Right now i'm clinical 3.5 days ,0.5 days teaching and 1 day doing a unique external arrangement that is clinically quite light. Involved in SAG work and a few collaborations with hospitals as well at
MOH level.
The 3.5 clinical days can be varied. I am able to run the special clinics like health and mind, memory clinic, dermatology STC, procedure etc It gives me some depth and makes the work interesting.
I saw 48 patients today in a mix chronic acute urti que. I finish at 1pm , break for lunch and start work at 2pm and finish work at exactly 4:30pm. Most are routine cases but there is a guy who had Hba1c 8.9 that i managed to get him to start on metformin after he had declined for 2 years. It took some time and counselling. End the end of it he told me he is agreeable to start because i take the time and have the patience to explain many things to him unlike all the other doctors before me.
I like to think i probably give a few more years of good life.
We are a production line only when u allow yourself to be a production worker going through the motion la.
I can also tell u many other satisfying cases i've seen but i shall not bore you here.
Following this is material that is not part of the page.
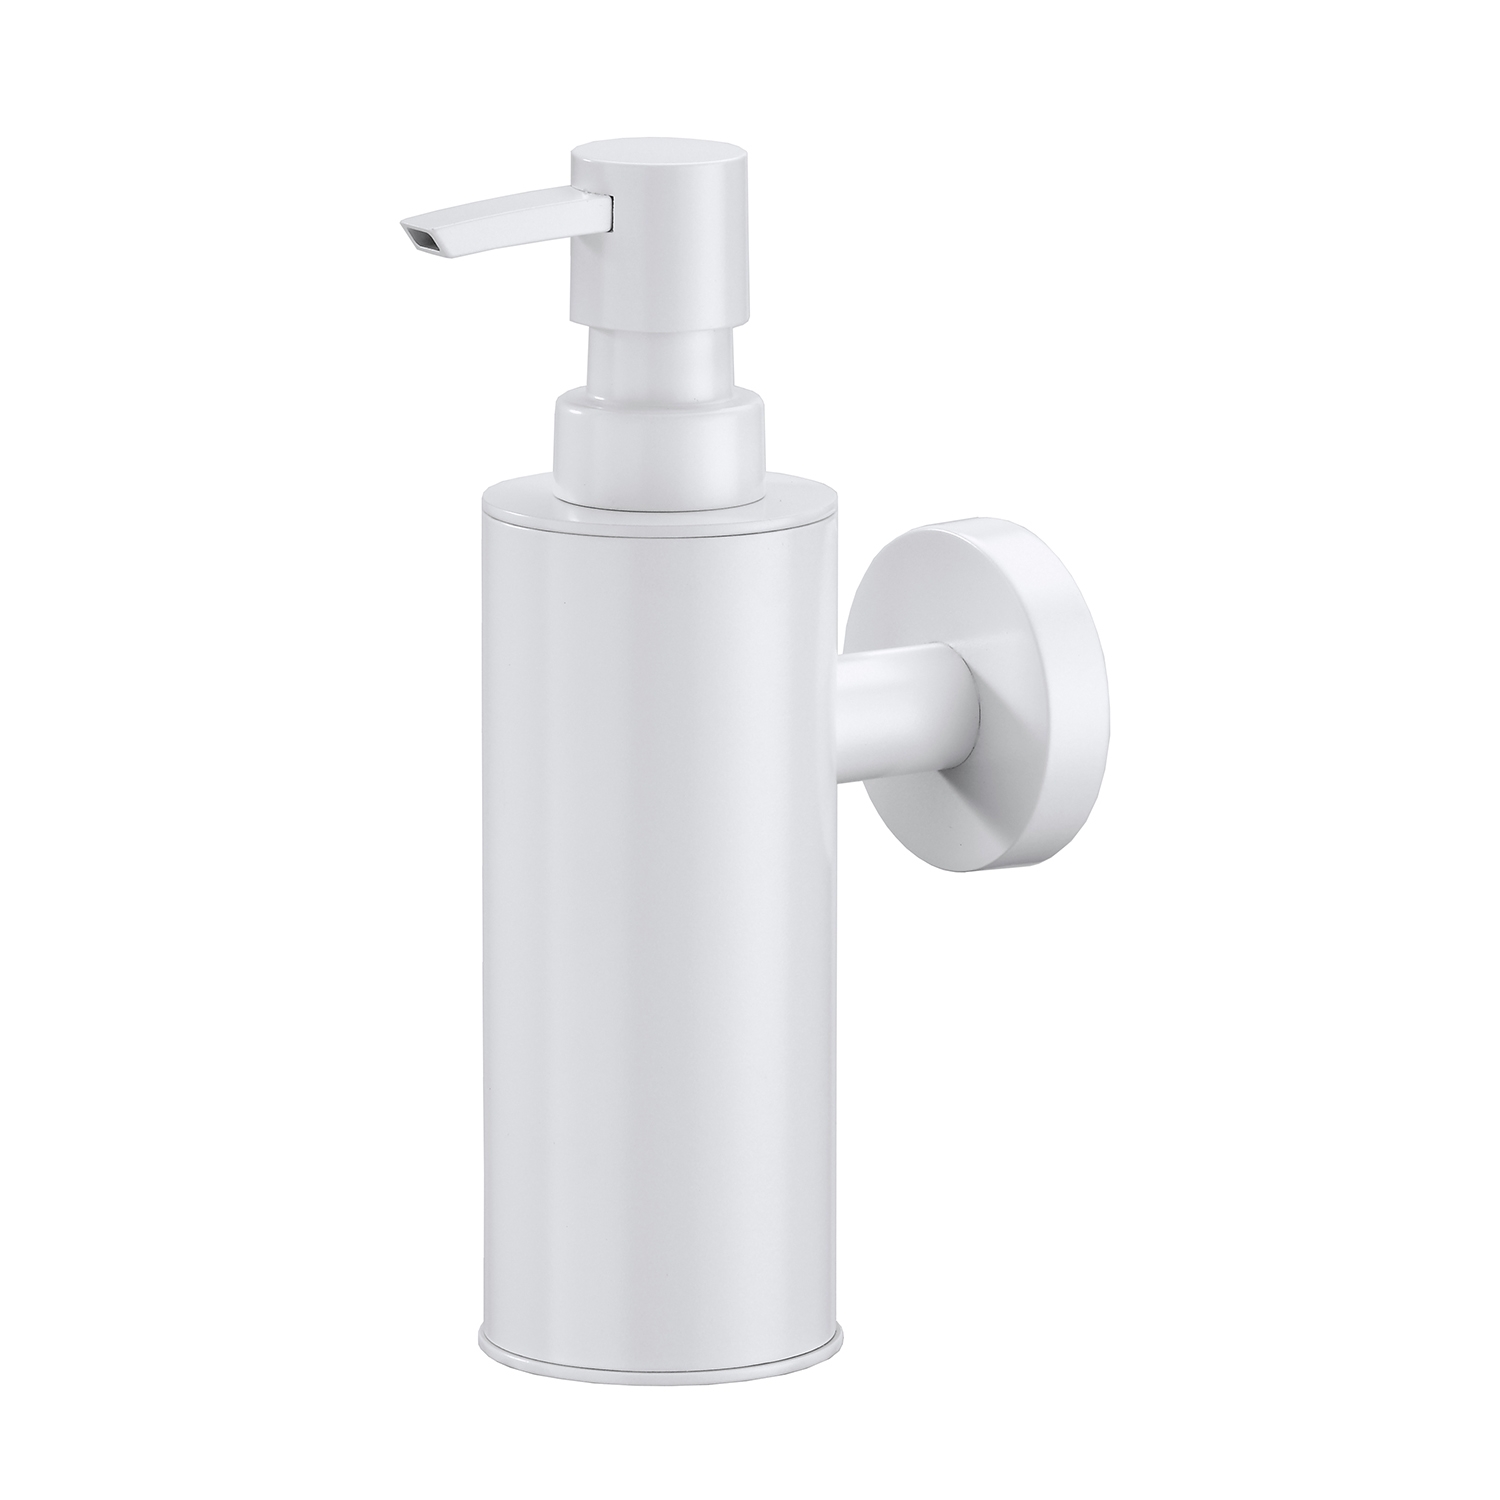 K-1399 WHITE Free standing soap dispenser

I also do not see patient everyday unlike a private GP. Wonca coming, someone help me pay the fees and i get to spend 2 days away from work for example. I think i shall try to do some research to present at the next wonca which is not in Singapore! so i can take paid conference leave and bring my wife for a holiday
I also teach a fair bit although i'm letting the younger m.medders take more now. Year 3
NUS students, year 4 electives, year 5 saps in addition to residents and APNs. I have a whole fridge of thank you cards from students.
I don't earn a lot la. Not surgeon money, but not faring too badly. Annual handily beat most hired GPs i think and i work 8-4:30 pm hor.